Los Angeles is a major hub for psychoanalysis and it is therefore not surprising to know that there are many institutes in the area, including:
- Psychoanalytic Center of California: p-c-c.org
- New Center for Psychoanalysis: newcenterforpsychoanalysis.org
- Institute of Contemporary Psychoanalysis: icpla.edu
- LA Institute and Society for Psychoanalytic Studies: laisps.org
- Jung Institute: junginla.org
Each of these schools has their own educational lecture series, and UCLA residents are often invited for free or at discounted rates. Many of them offer short- or long-term training programs (one to two years, in the evenings) in psychoanalytic psychotherapy. Every year a few residents participate in these programs, and they are encouraged by the program administration.

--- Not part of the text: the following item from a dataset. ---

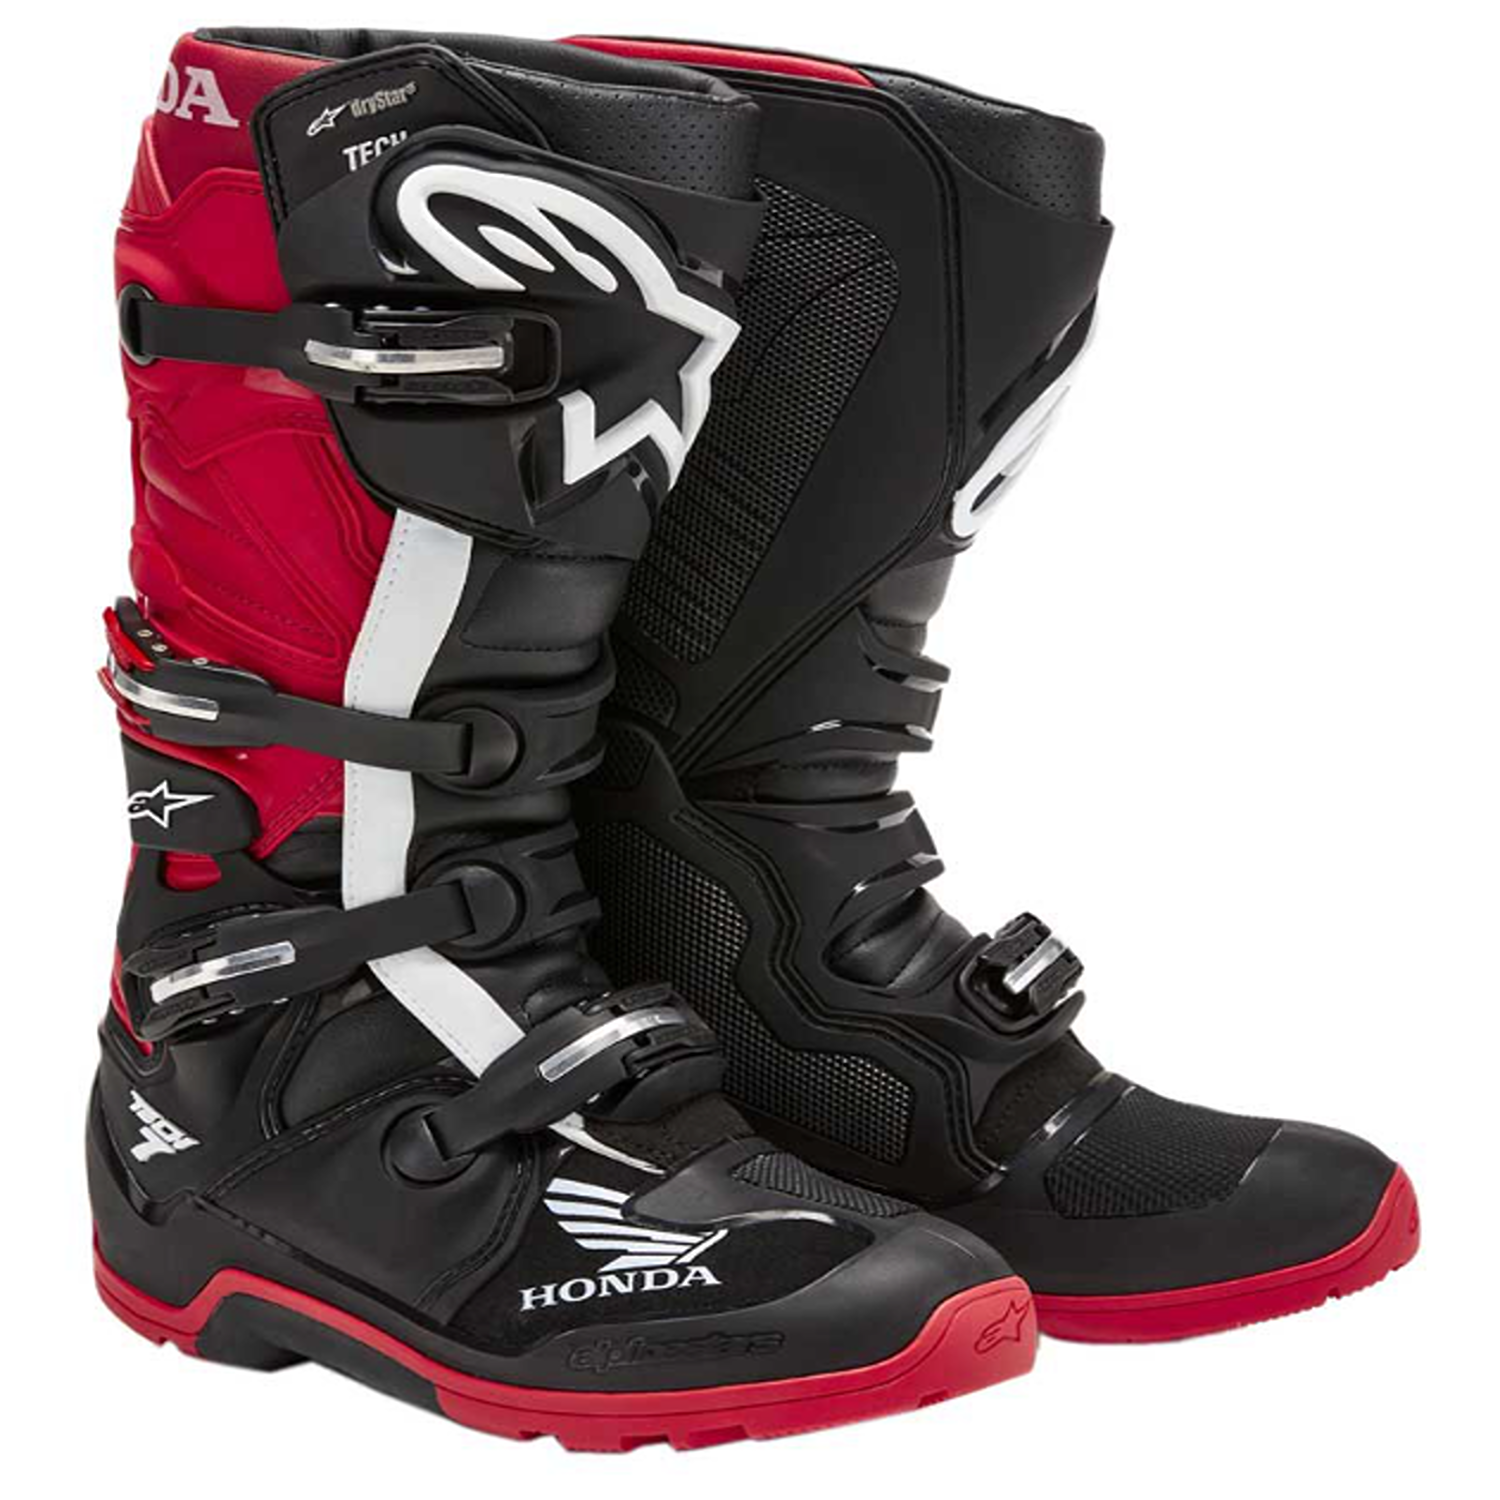 Image of Alpinestars Honda Tech 7 Enduro Drystar Boots Black Bright Red Talla US 16

Los Angeles attracts an enormous amount of conferences and lectures, some of which are affiliated with the aforementioned psychoanalytic institutes but by no means all. For example, each year UCLA hosts a three-day conference on Mentalization Based Treatment (MBT), put on by the Anna Freud Center from London. Lecturers include Anthony Bateman and Peter Fonagy, the original developers of MBT, as well as UCLA’s own professors Robin Kissel and Daniel Kupper. Residents are offered subsidies to attend this certificate-bearing conference, and this is just one of the many opportunities available.

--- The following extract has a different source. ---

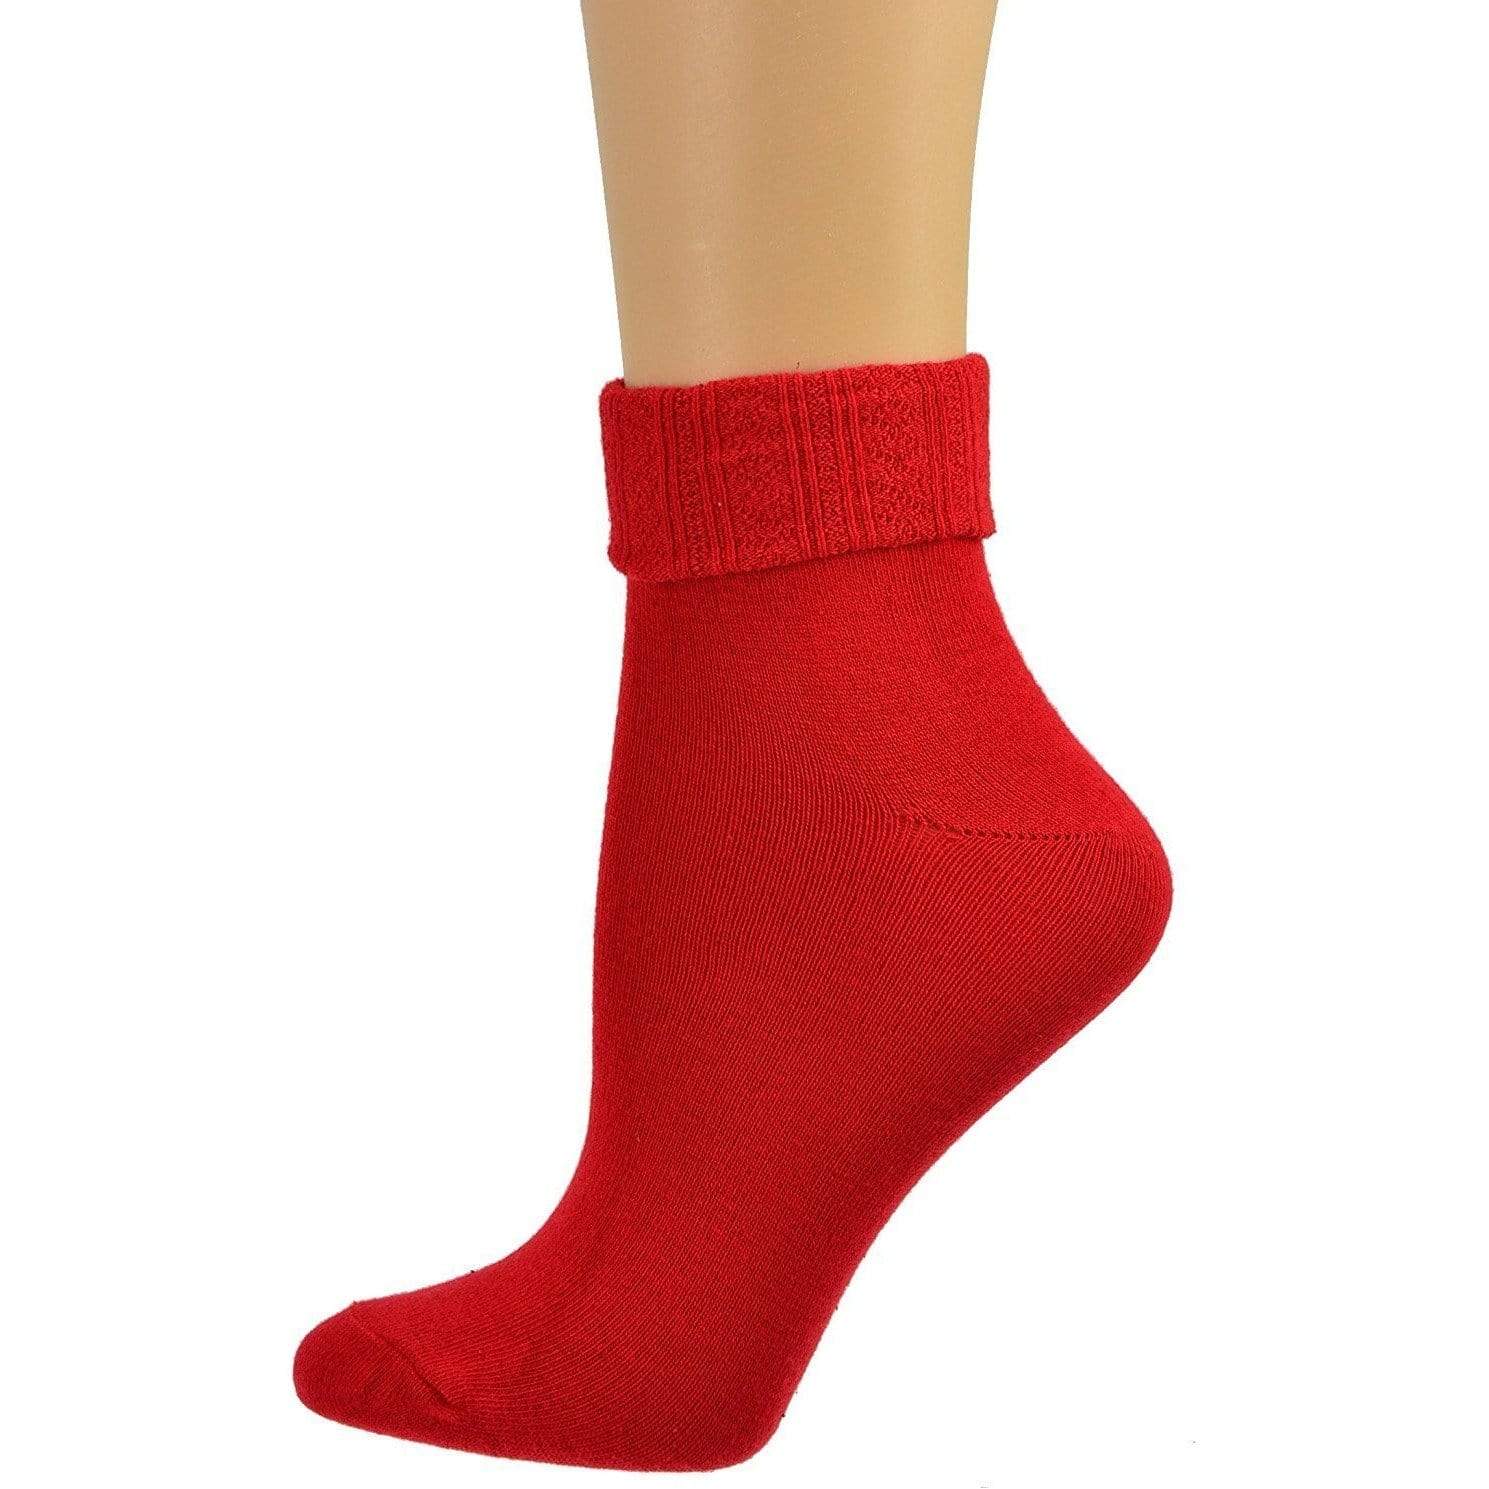 Colorful Socks - Sierra Socks Women Triple Cuff Crew Cotton

Each year, the PCFA invites a pre-eminent psychiatrist to come speak to UCLA faculty and trainees at a special conference. Past speakers have have included Allan Abbass, M.D., Frank Yeomans, M.D., Salman Ahktar, M.D. and Andrew Gerber, M.D., Ph.D. Underlining UCLA’s focus on resident education, the seminar series always includes a dedicated trainee-only lecture and case conference, in which the speaker delivers a presentation tailored for the residents and a resident presents one of their long-term psychotherapy cases for discussion and analysis.